Within the listing below, give again exactly the lines between the one containing "8054388585958 3 scaled" and the one containing "Le déclin du", inclusive, pictures left aside.

(Working data)

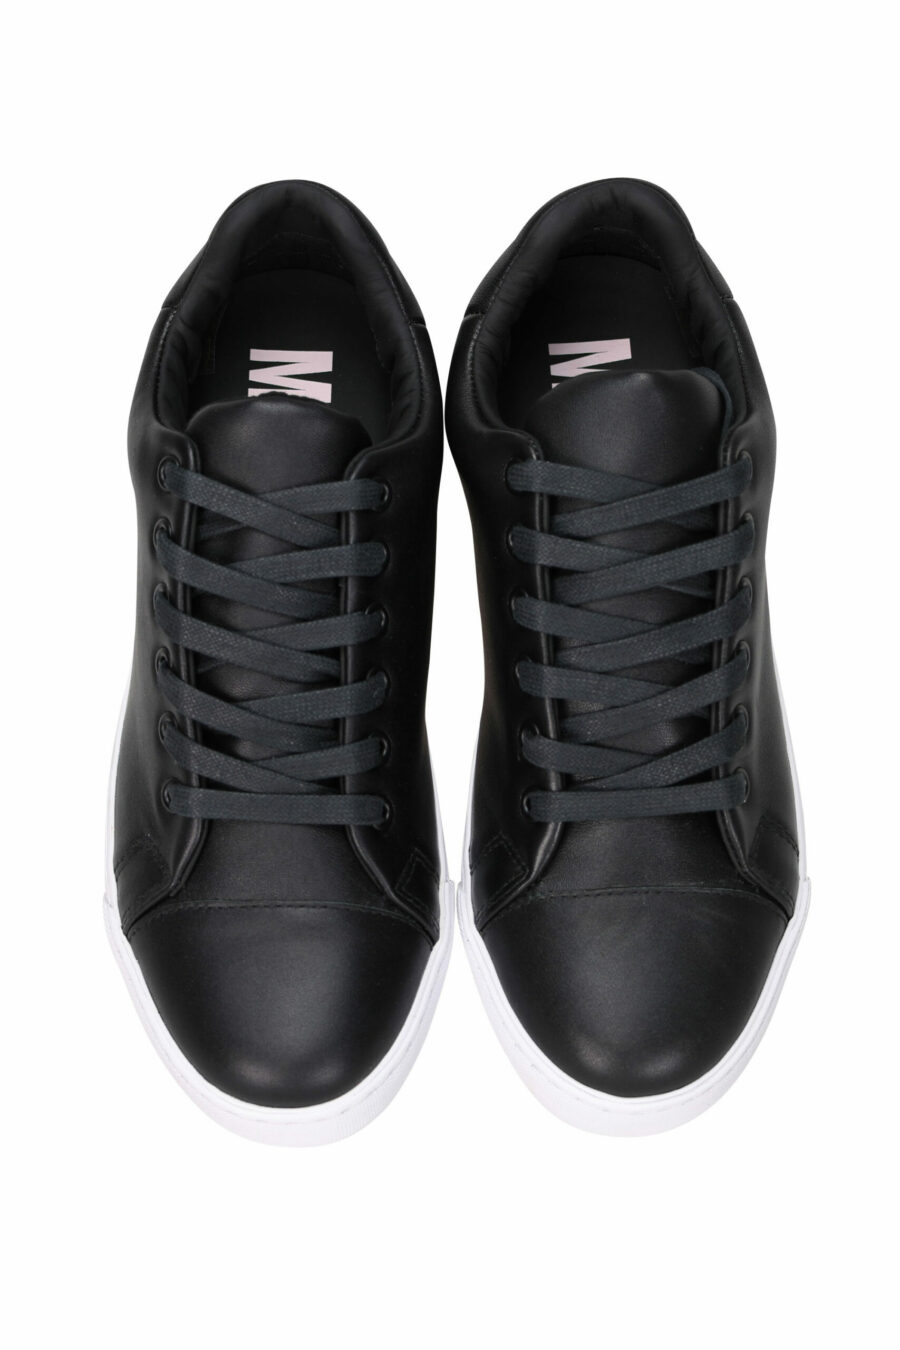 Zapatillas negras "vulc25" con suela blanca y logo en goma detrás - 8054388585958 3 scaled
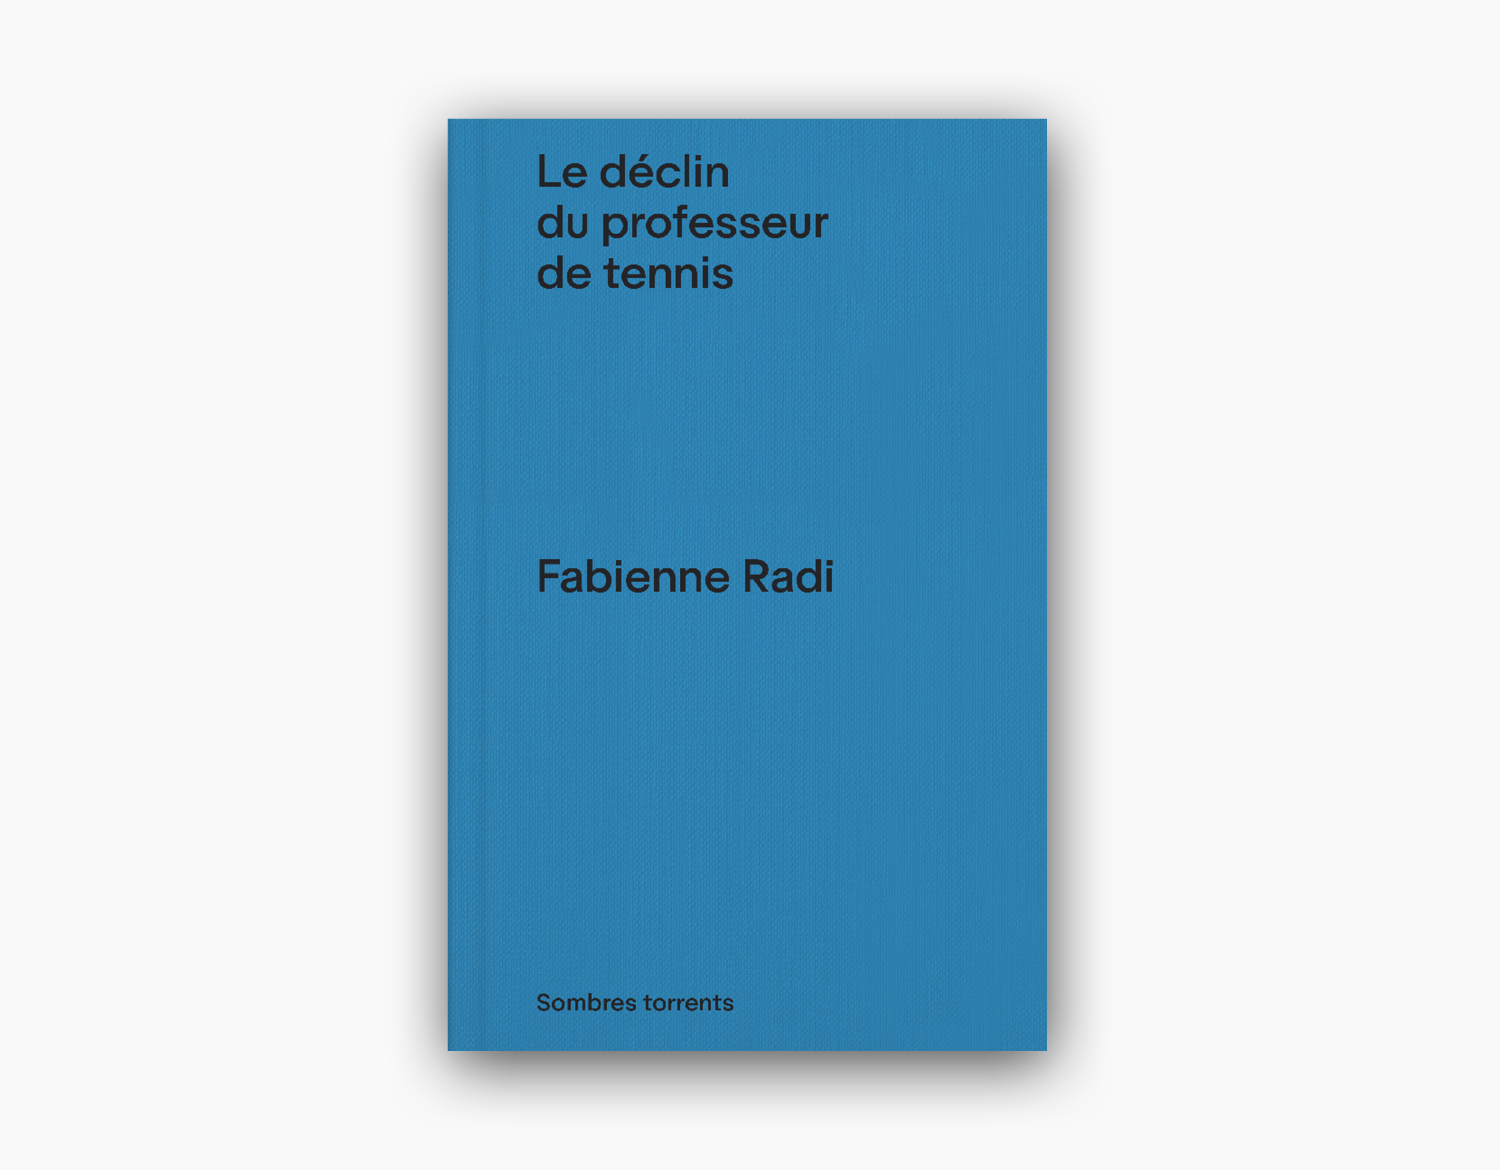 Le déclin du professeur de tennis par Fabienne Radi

(End Working data)
(Working data)

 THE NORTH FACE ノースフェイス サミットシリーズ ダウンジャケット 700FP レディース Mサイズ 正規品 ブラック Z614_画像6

(End Working data)

▶ _Result of the task_
 Zapatillas negras "vulc25" con suela blanca y logo en goma detrás - 8054388585958 3 scaled
 Le déclin du professeur de tennis par Fabienne Radi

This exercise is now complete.